Örneğin Eskişehir’in Mihalıççık ilçesi [[Sörkun)), sorkun köyünde kadınlar, Neolitik dönemde uygulanan teknikle çamuru şekillendiriyor, topraktan çeşitli eşyalar yapıyor ve aynı dönemin yöntemiyle çömleklerini açıkta pişiriyorlar. Manisa’nın Salihli ilçesine bağlı Gökeyüp köyündeki kadınlar da aynı şekilde çömlek üretmeye devam etmektedirler. [2]
Güneydoğu Anadolu’da dar dipli, geniş karınlı, dar ağızlı ve iki kulplu, “küp” denilen çok amaçlı çömlek çeşidi yaygın olarak kullanılmakta ve bunlar da geleneksel usullerle yapılmaktadır. Bu eşyalar genellikle siyah veya kırmızı renktedir. Turşu, yağ, sirke, pekmez, su, kavurma gibi yiyeceklerin saklanmasında ve taşınmasında da kullanılır. Bu tip çanak ve çömlekler Güneydoğu Anadolu’nun hemen her yöresinde köylüler tarafından kendi ihtiyaçlarını karşılamak için üretilmektedir. Günümüzde İzmir, Menemen, Erzurum, Nevşehir, Diyarbakır, Gaziantep, Kütahya, Urfa, Mardin illerimiz ve bu illere bağlı ilçelerde çömlekçilik mesleği dar bir kapsamda dahi olsa devam etmektedir. [3]
Mezopotamya da ortaya çıkan çömlek yapma yöntemlerin en ilkel şekli ile hala Anadolu'da kullanıldığını görmek mümkündür. Anadolu’nun birçok köyünde binlerce yıldan beri süregelen ilkel usullerle yapılan çömlekleri, ekmek ve balık saclarını yurdumuzun bir çok yöresinde görebilmemiz mümkündür. Bu çömleklerin bazıları yurtiçindeki birçok yere hatta yurtdışına dahi ulaştırılabilmektedir. [4]
İlkel yöntemlerle yapılan çömlekçilik ile teknik yöntemlerle yapılan çömleklerin yapım teknikleri esasında aynıdır. Sonuç olarak hazırlama, şekillendirme ve üretim aşamaları büyük benzerlik gösterir. Her ikisinde de ilk aşama çamurun hazırlanması ile olmaktadır.
Geleneksel yöntemlerle çömlek hamuruna üç şekilde biçim verilir. Birincisi, çömlek hamuru topağının oyularak el, silindir, mil, veya tokaçlama yöntemiyle biçim verilmesidir. İkincisi ise “kalıplama” tekniğidir. Kalıplama tekniğinin uygulamasına en güzel ve en bilinen örnek kiremit ve tuğla üretimidir. Üçüncü teknik “çekme” tekniğidir. Bu teknikte şekil verilecek olan çömlek hamuru dönen bir çarkın üzerine yerleştirilerek el ve çeşitli aletler yardımıyla şekillendirilir.

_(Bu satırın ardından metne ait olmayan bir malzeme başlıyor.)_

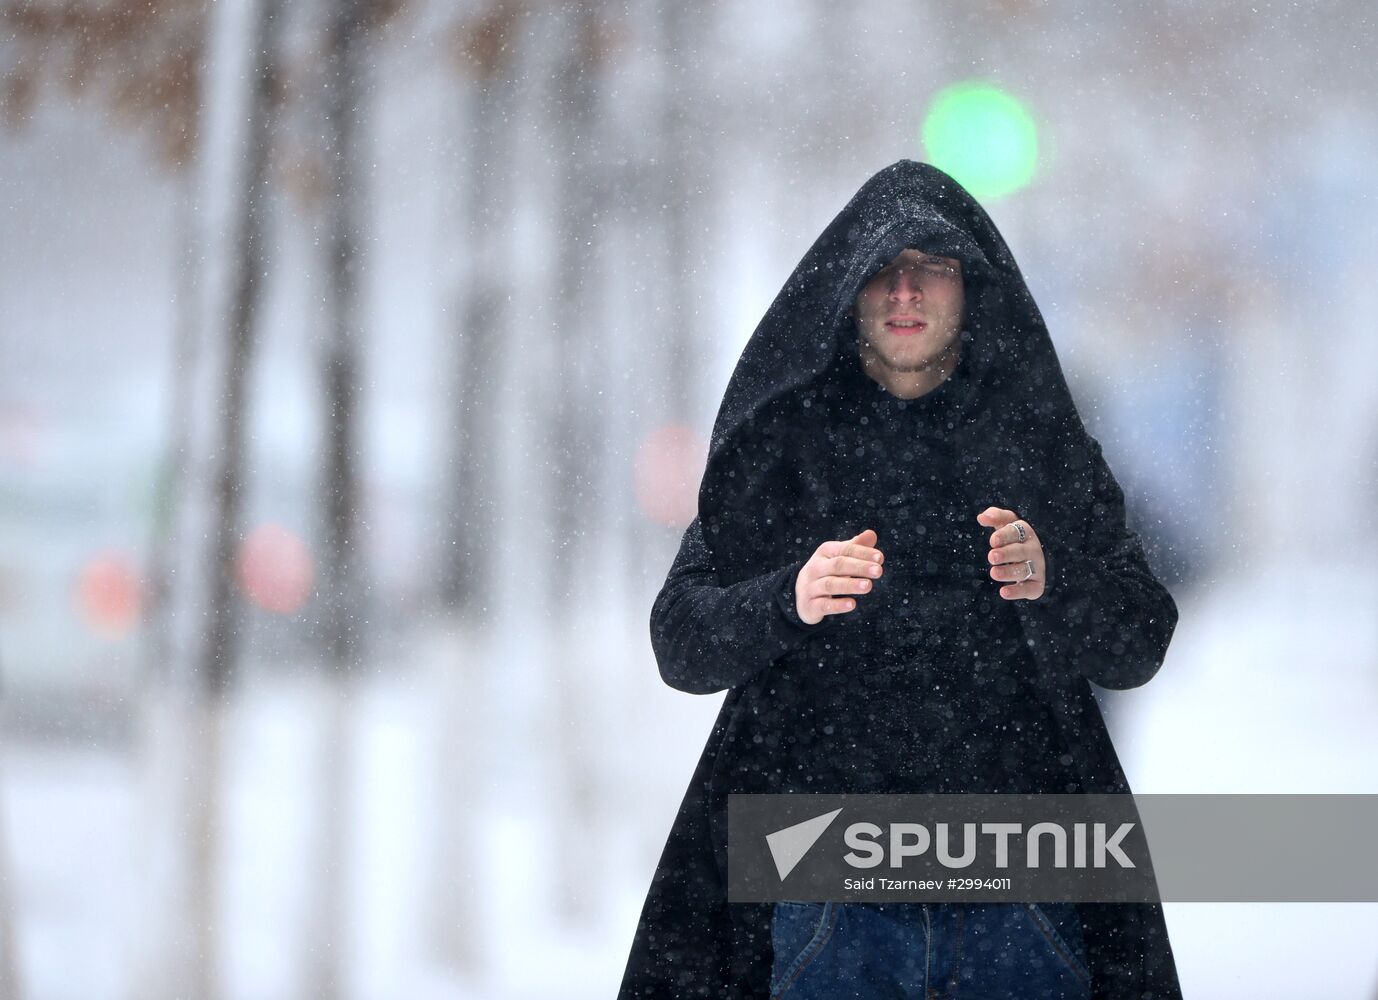 Winter in Grozny

Çarkla Yapılan Ticari Çömlekçilik
Bu tip çömlekçiliğin temeli geçmişte de olduğu gibi ticaridir. Antik çağlarda bile çarkla yapılan çömleklerin üretimin kolay ve bol olabilmesi için ortaya çıktığı söylenebilir. Amfora, küp ve çanak çömlek ticaretinin antik çağlarda önemli bir ticari meta olduğunu bilmeyenimiz yoktur. Şu halde bu yöntemin antik çağlarda da ticari amaçlar için kullanıldığını söylemek güç değildir. Çark ile yapılan çömlekçilik Mezopotamya uygarlıklarına Hititlere kadar uzanmaktadır. Çok sayıda çanak çömlek atölyesi bulunan Avanos’ta seramik ve çömlek yapım geleneği Hititlerden beri süregelmektedir. Anadolu’nun en büyük kral mezarlarından biri sayılan "Çeç tümülüsü, "AVANOS' taki yerleşimin ve çömlek yapımcılığının Hititlere kadar uzandığını; ispat eden önemli bir kanıttır.[5]
Günümüzde ise çarklı milli ve fırınlı atölyelerle yapılan ticari boyutlu çömlekçilik bazı yörelerimizde Kapadokya ve Avanos’ta olduğu gibi önemli bir iş koludur
Çark üzerinde yapılan çömlekçilikte çevreden alınan çamur, çamur yalağına koyulur. Buradan çıkarılarak, silindirden geçirilir ve yabancı maddelerden arıtılır. Daha sonra çırak alır ustanın önünde topaç yaparak çamuru çarkın üzerine yerleştirir. ve usta çamuru işleyerek arzu ettiği biçim ebat ve kullanıma uygun bir çömlek yapar. Bu çömleklerin belli bir bekleme ve olgulaşma süreci vardır. İşlenen çamurun hava şartlarına göre bekleme süresi ortalama 20 gündür. Bu süreç bitikten sonra işlenmiş çömlekler fırına istif olunur. 3 gün 3 gece odunla yanar. Ayar deliklerinden bakılarak, pişip pişmediği kontrol edilir. Piştikten sonra kapıları açılır, 2 gün soğumaya bırakılır ve ocak boşaltılır. Bu esnada ıskartalar sağlamlarından ayrılır.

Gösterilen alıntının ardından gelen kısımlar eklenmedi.